Global travelers will not have to enter into a mandatory quarantine upon arrival at Velana International Airport in the capital, Male. Nor will they need to produce proof they have tested negative for coronavirus.

(世界中の有名観光地が、国境閉鎖や隔離検疫で観光客を遠ざける中、その自然の美しさで有名な国、モルディブが世界中からの観光客受入れを始めることになった。
インド洋に浮かぶこの島国は、7月15日から入国規制をほとんど全部撤廃して国の門を開くことを決めたのである。

なんと観光客は入国後の隔離検疫がなく、コロナに感染してないという事前証明書も不要なのである)


大小1,000を超える島からなる地上の楽園モルディブは、コロナの感染防止策としてタイと同じく3月27日からロックダウンを実行し、外国人観光客をシャットアウトしたのですが、7月には、これ以上続ければ国全体が破綻するという経済危機に陥ってしまいました。

その結果、背に腹は代えられぬと、とうとう7月15日に世界中の観光客に対し門を開いたのです。しかも、入国前での感染してないという証明は不要、入国時のPCR検査もなし、その上、隔離検疫もなしというコロナ以前の状況と同じに戻したわけです。
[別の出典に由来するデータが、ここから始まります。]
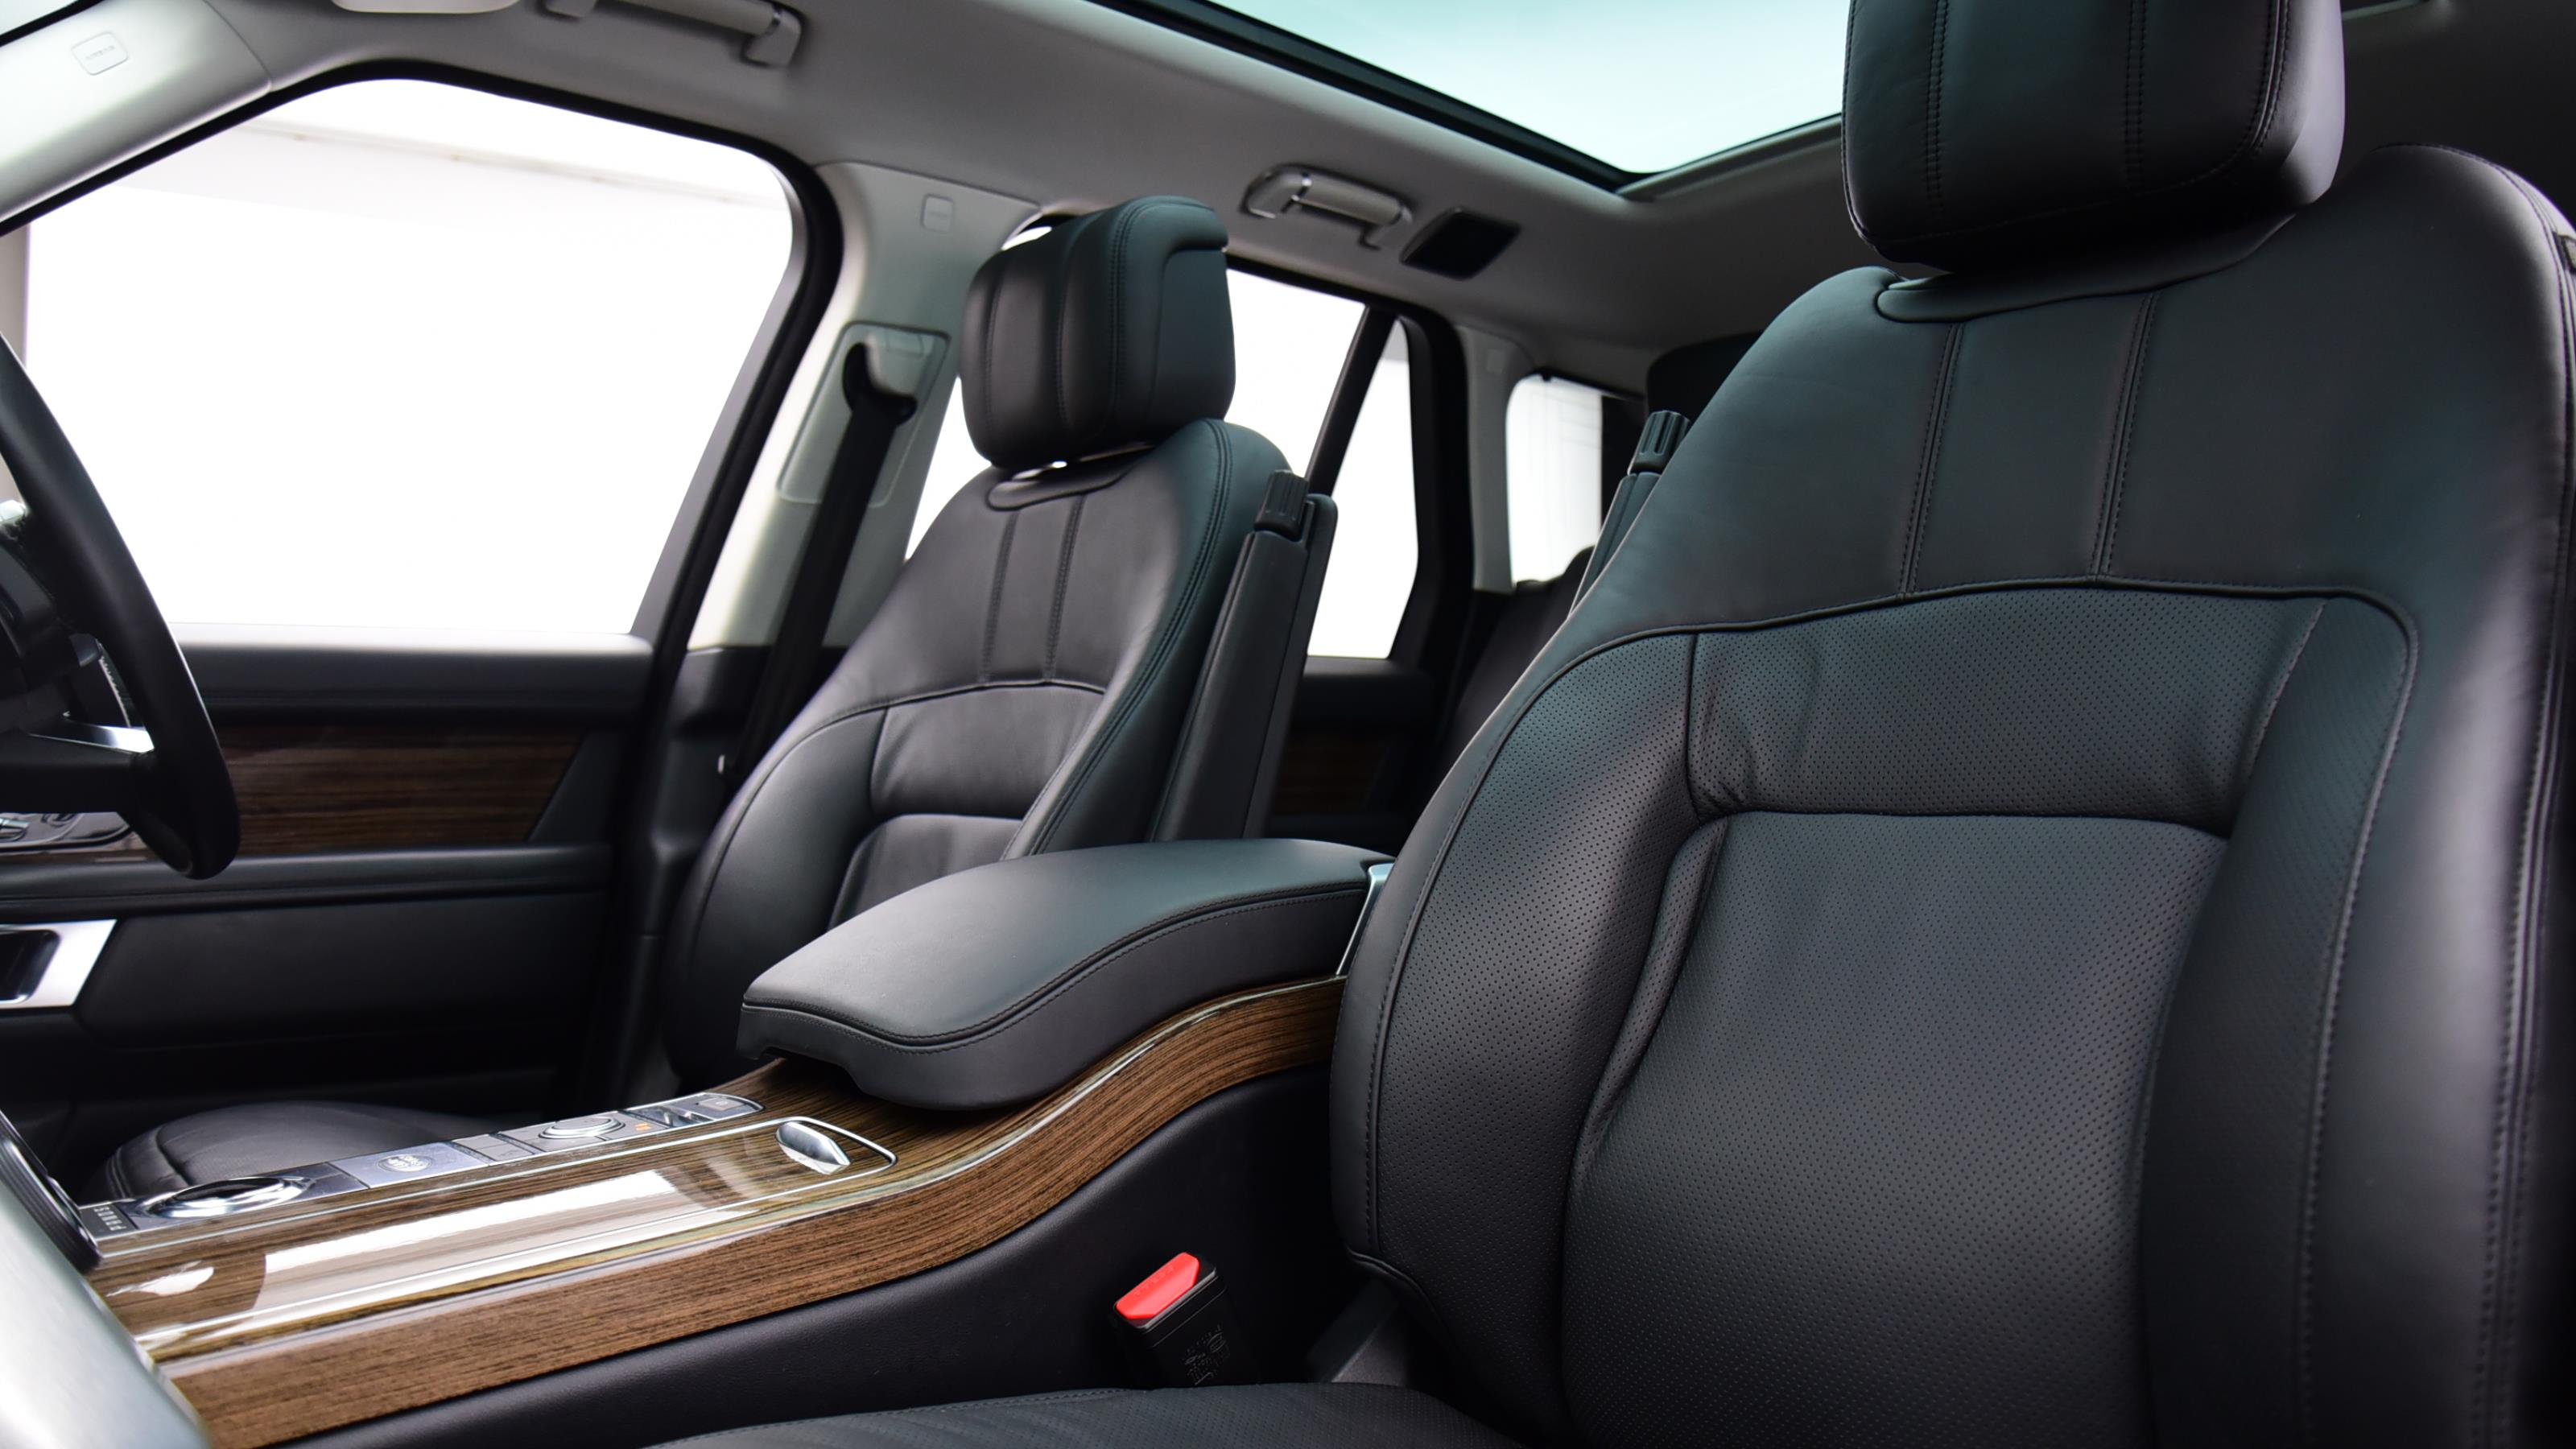 Used 2018 Land Rover RANGE ROVER 3.0 TDV6 Vogue 4dr Auto BLACK at Saxton4x4

実は南アジアのモルディブに限らず、カリブ海諸国等、観光依存度が極めて高い国は外国人観光客をいつまでも締め出しておくわけにはいかず、このように受入れつつあるようです。

モルディブ5
しかしながら、その結果は期待外れでした。8月末までの1か月半でやってきた観光客はわずか9,329人と、昨年モルディブにやってきた外国人観光客、170万人に比べれば本当に微々たるものでした。

その理由には、多くの
エアラインが欠航しているため、主たる観光客がやってくるヨーロッパからの直行便がなくなったというのもありますが、むしろ、モルディブだけが規制をフリーにしても、ヨーロッパ各国ではまだ検疫義務があるため、観光客が母国に戻った際にやはり隔離検疫が必要ということがネックになっているようです。

モルディブ3
従って「「特別観光ビザ」発行で観光産業のメルトダウンを阻止」で書いたTATの当初目論見であったように、政府間の合意でお互いの検疫を免除するというような取り決めをしなければ、どちらか片方だけが検疫免除してもあまり効果はないということなのだろうと思います。

そいう意味では「英国政府がタイ人観光客に対する検疫免除を決定」にあるように、英国は既にタイ人観光客に対して検疫免除を決定しているので、あとはタイ政府が英国からくる英国人観光客、そして英国から戻ってくるタイ人観光客に対しても検疫免除をすれば、一挙に観光客の往来は増えるはずです。

しかしながら、9月に入って、モルディブ政府は受入方針を変更すると発表しました。その理由は、恐れていた通り、規制撤廃後に感染者が急増し始めたからです。累計でわずか9,000人ほど外国人観光客を受入れただけで、毎日100人前後、多い時には200人もの新規感染者が出始めたのです。